* TASK REQUIREMENTS
Answer with one number only: the count of lines below that hold the word "Elon".

* DATASET EXTRACT
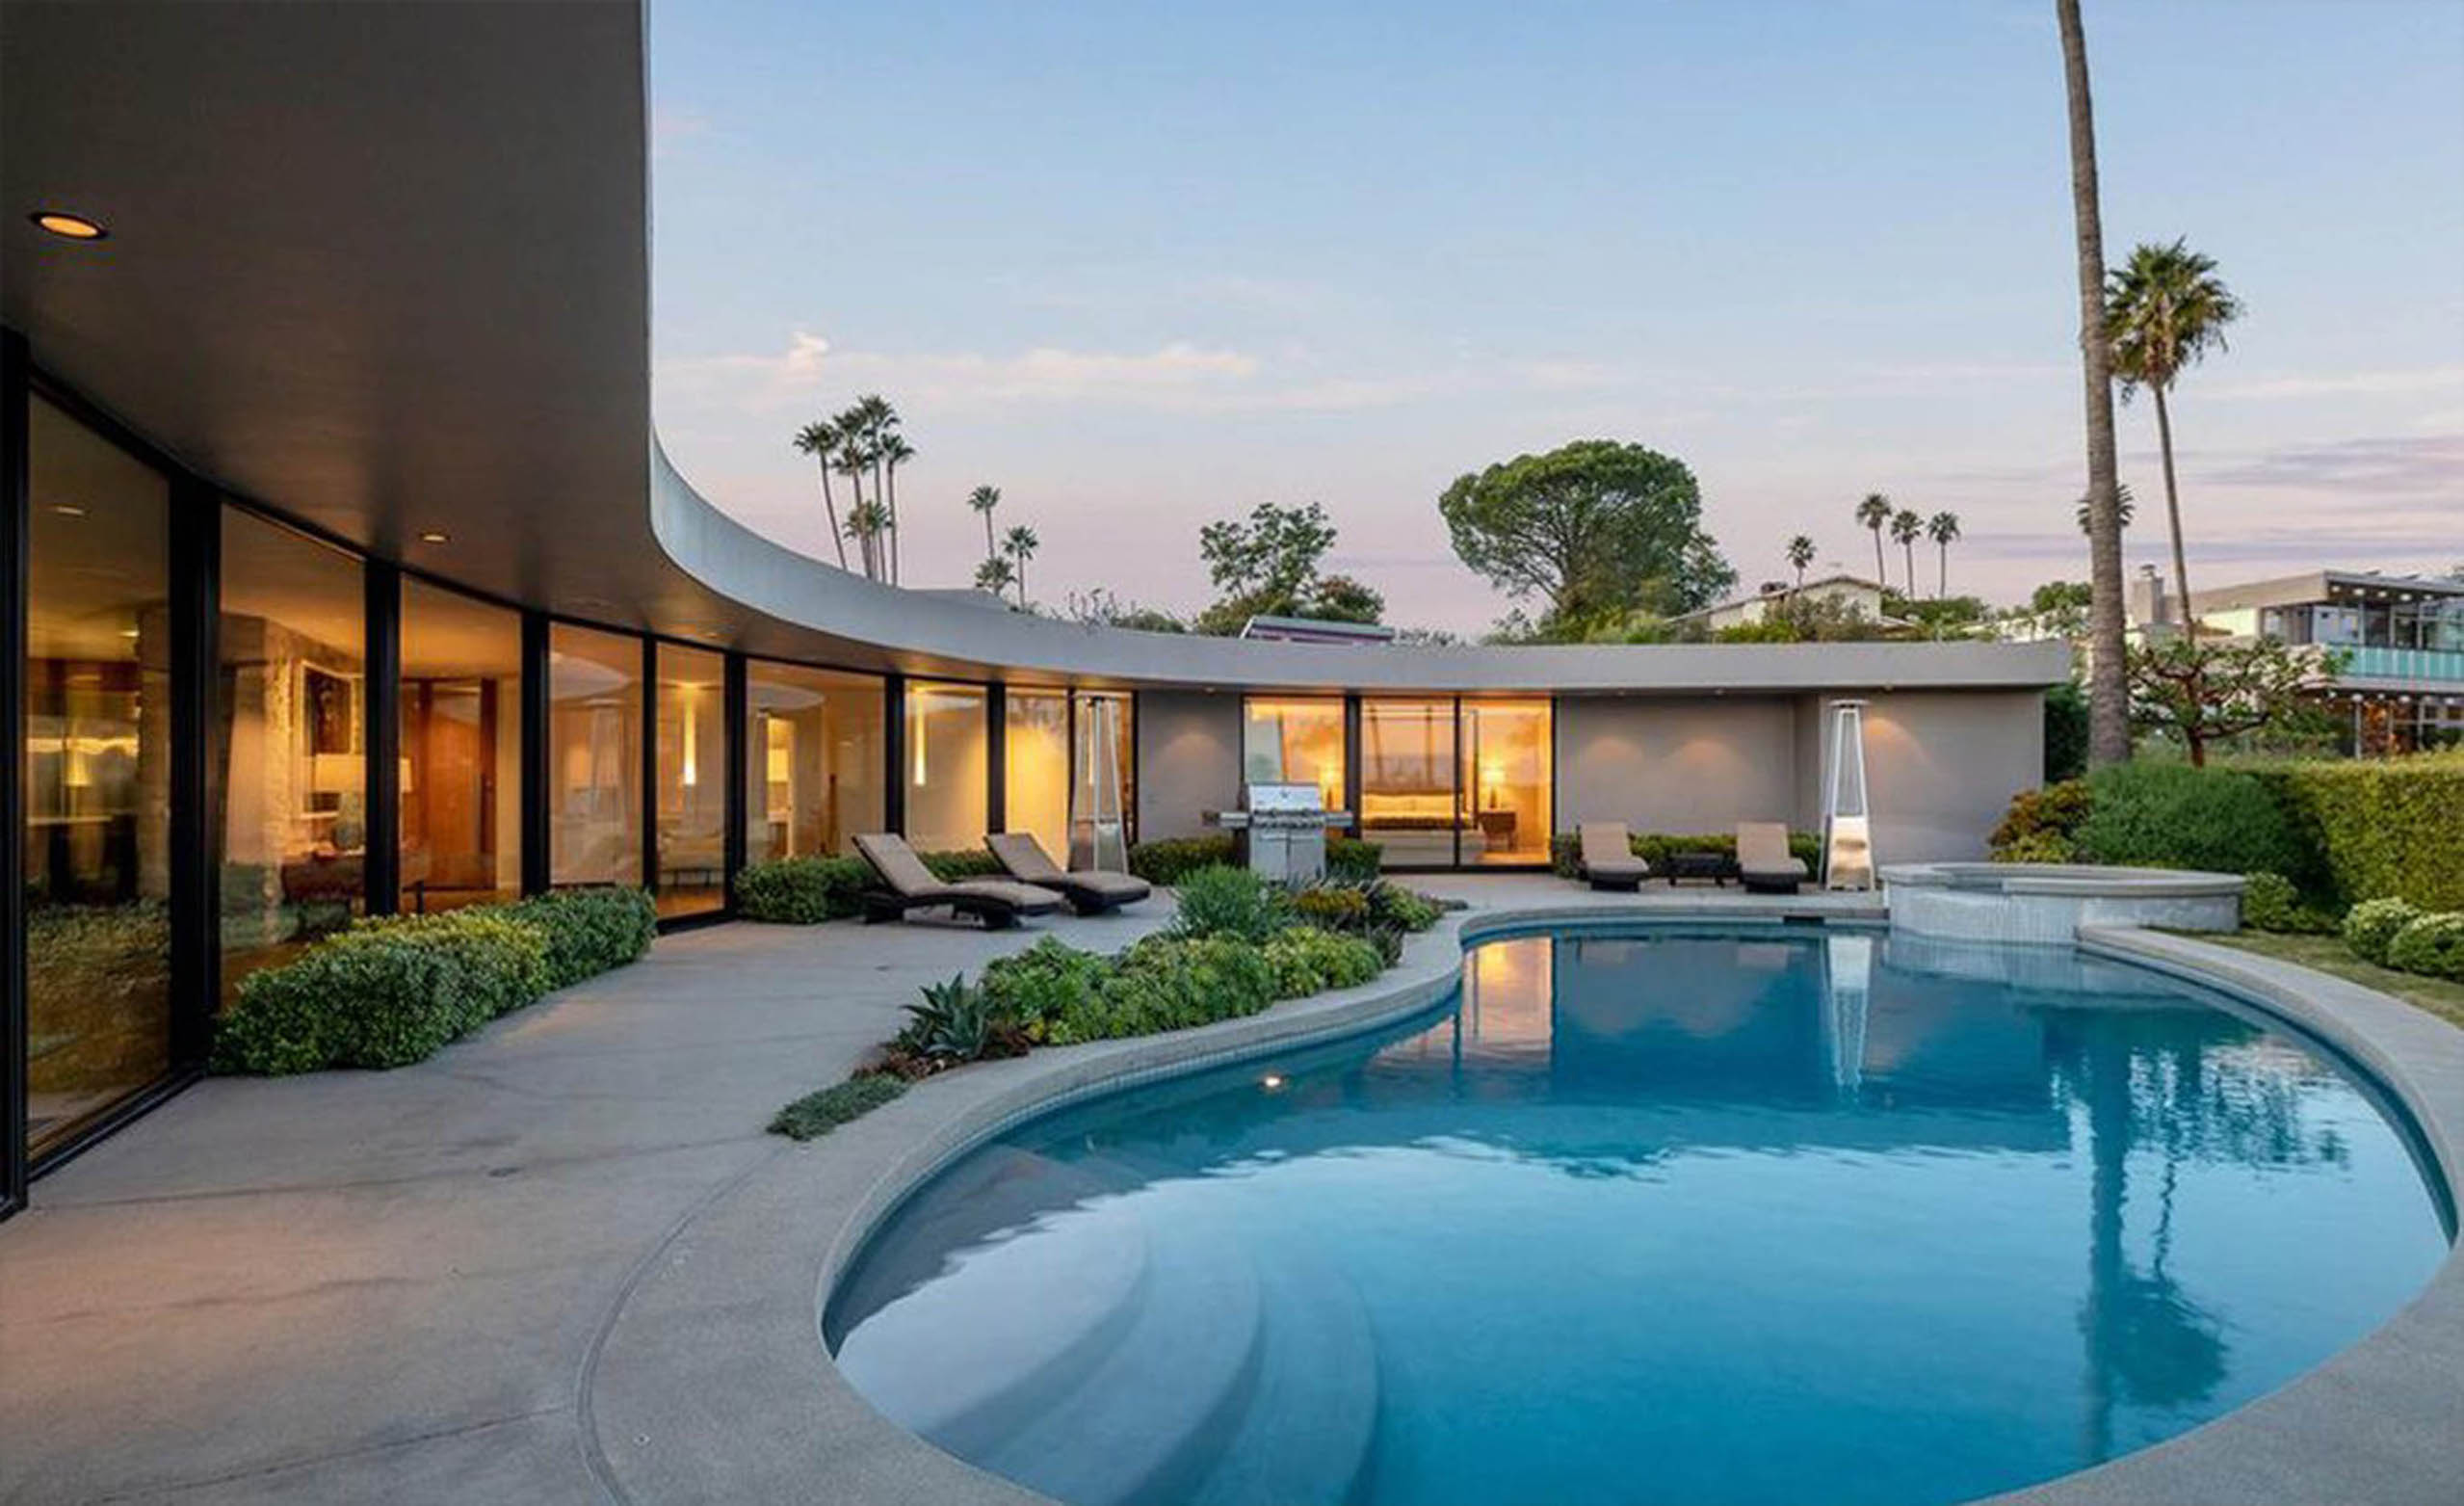 25-9-2019

Elon Musk has sold one of his homes in Los Angeles, California for .925 million. With 3,077 square feet of living space, there are 4 bedrooms and 3.5 bathrooms.

Pictured: Elon Musk's house, Image: 473191835, License: Rights-managed, Restrictions: , Model Release: no, Credit line: REALTOR / Planet / Profimedia

* RESULT
2